I’ve Been Thinking a Lot About Artists Complaints When It Comes to How Much They Make from Streaming. Here’s What I’ve Come Up With.
Whether people want to admit it or not, we’re moving deeper and deeper into a world where access to music is more convenient than possession.
Streaming music is the way we’re headed. Get used to it. If I have listen to any song I want, anytime I want, wherever I am on whatever device I choose, why should I ever need to possess a physical (digital file or something solid) of that song? You don’t.
Let’s leave aside the issue that many of us will always want that physical artifact for personal, emotional, financial and philosophical reasons. I’m in no way advocating that all physical product be eliminated. What I’m saying, though, is that streaming allows us to sample and listen to more music than we could ever afford, on our own terms and for a cost approaching (if not literally) free.
Music consumers love this model. Artists? Not so much. People like Thom York, David Byrne and others have come out against streaming, saying that artists are not being fairly compensated for their work. The latest missive against streaming is from Armen Chakmakian, a Grammy-nominated composer and keyboard player. He shared a recent royalty statement totaling a whopping $4.20 resulting from 14,277 performances heard through streaming music services.
On the surface, that sounds horrible. A fraction of a cent per play? What a rip-off!
Well, not really. Here’s why.
Artists get performances royalties from a variety of sources, from streaming services to radio to television to being heard in the hair salon. Those fees are determined by a variety of methods.
For radio, performing rights organizations such as SOCAN and Resound collect a fee based on a percentage of a radio station’s gross revenues. The more the station makes, the more it has to pay for the privilege of playing music as part of their business model. The same applies for television. There are separate licenses for public performance that must be paid by arenas, stadiums, clubs, stores, spas–anywhere copyrighted music can be heard by the public. Again, if you’re using someone’s music as part of your business, the rightsholders of that music need to be paid. It’s only fair, right?

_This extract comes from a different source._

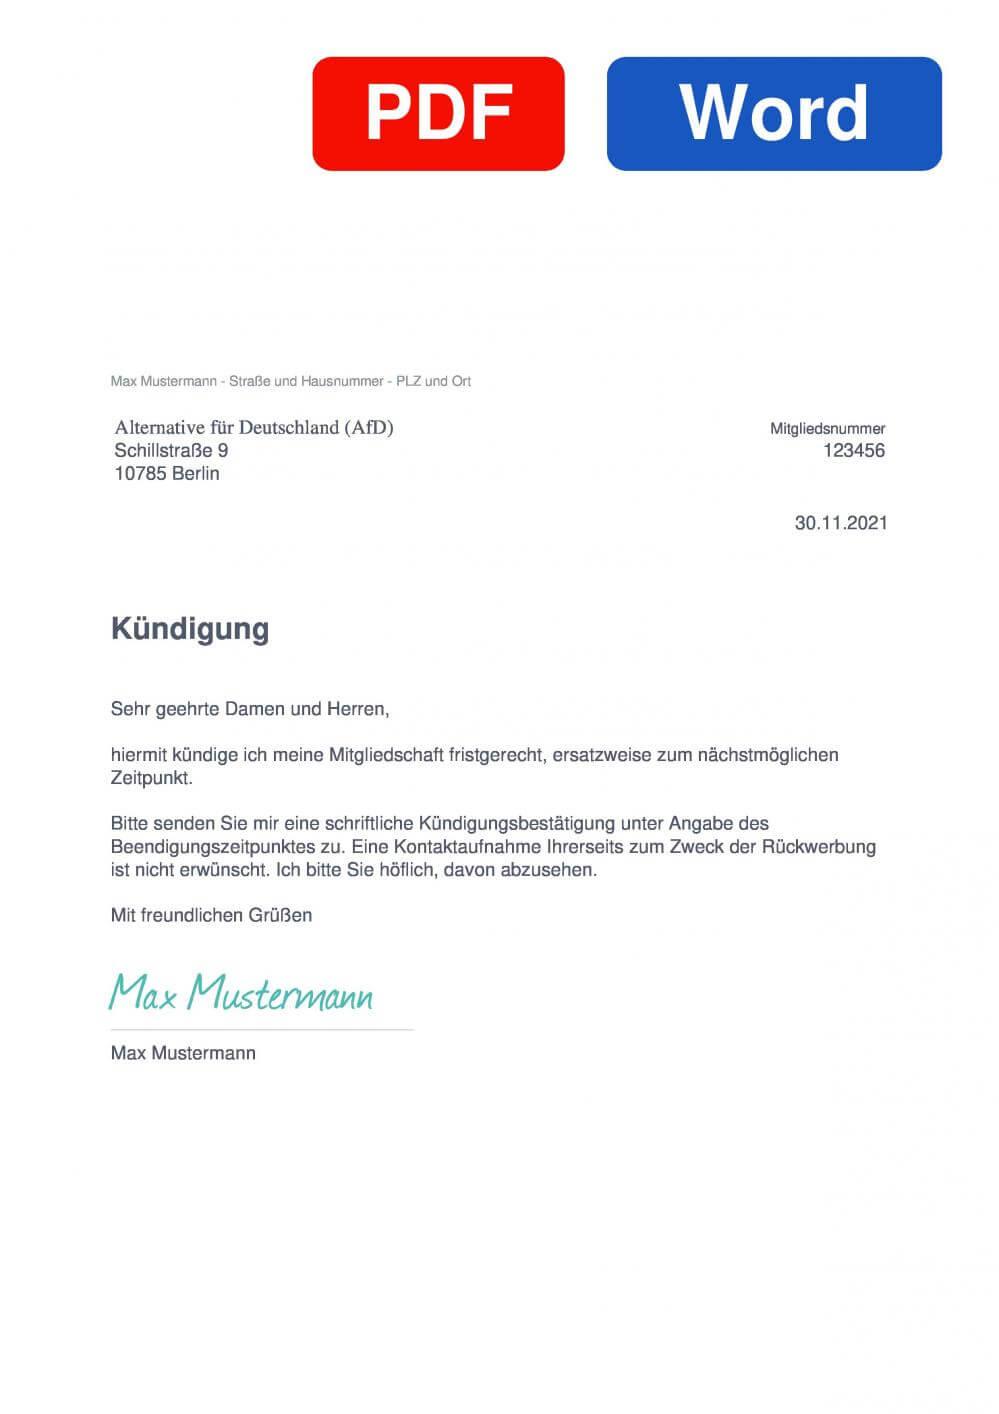 AfD Muster Vorlage für Kündigungsschreiben

But back to radio for a second. Here we’re dealing with a blanket license. That means it doesn’t matter how many people listen any time a given song is played over the air. It could be 35,000 people. Or it could be just one. Either way, the artist’s fee will be the same. This has been the situation since the 1940s.
Streaming is different. Artists are paid according to the exact number of people who listen to a given song. That payment is usually a fraction of a fraction of a cent–but it’s still something for each and every play a song gets.
So let’s compare. ONE spin of a song on a radio station might be heard by tens of thousands of people all at once, resulting in a payment to the artist of a few cents. A stream of the same song might be heard by the same number of individuals but spread out over the course of a week or a month. Hit songs get lots of spins/listens/streams, meaning greater payments from both radio and streaming services resulting in higher royalty payments. However you slice it, the net result is the same.
In other words, streaming is the new radio.
Where it goes off the rails for artists is when the conversation turns to how streaming is killing physical sales. According to this week’s numbers, album sales in the US are down 17% from this time last year, led lower by a 20% drop in physical CD sales. Much of that can be hung the rise of streaming music services. In Canada–ranked 86th in the world when it comes to streaming music–things aren’t quite as dire. We’re 7% behind 2013 with CD sales down 7%.
Margins on CDs, vinyl and paid downloads are pretty fat when compared to streaming (or radio) royalties. That has been very, very good for many, many artists for decades. The fact that we, the music consumer, can now access any song we want without having to buy anything is great for us but lousy for the artist.
There are other things we can debate about the rise of streaming and its effect on artist incomes, but my goal here was to draw and apple-to-apples comparison with the way things are with radio. So the next time an artist complains about how little he/she is making from streams, remember how the numbers and payments work. Where we can sympathize is how they’re not making money by selling us pieces of plastic and digital files.
(More at Hypebot)
As someone with an interest in support his budding DJ son, I certainly hope there will remain some legitimate way for him to acquire the necessary music to allow him to be a DJ. Streaming strikes me as forcing people to get creative to get a copy of a song with which to mix. I realize the disappearance of physical media may be a ways off yet so I guess everything will come out in the wash.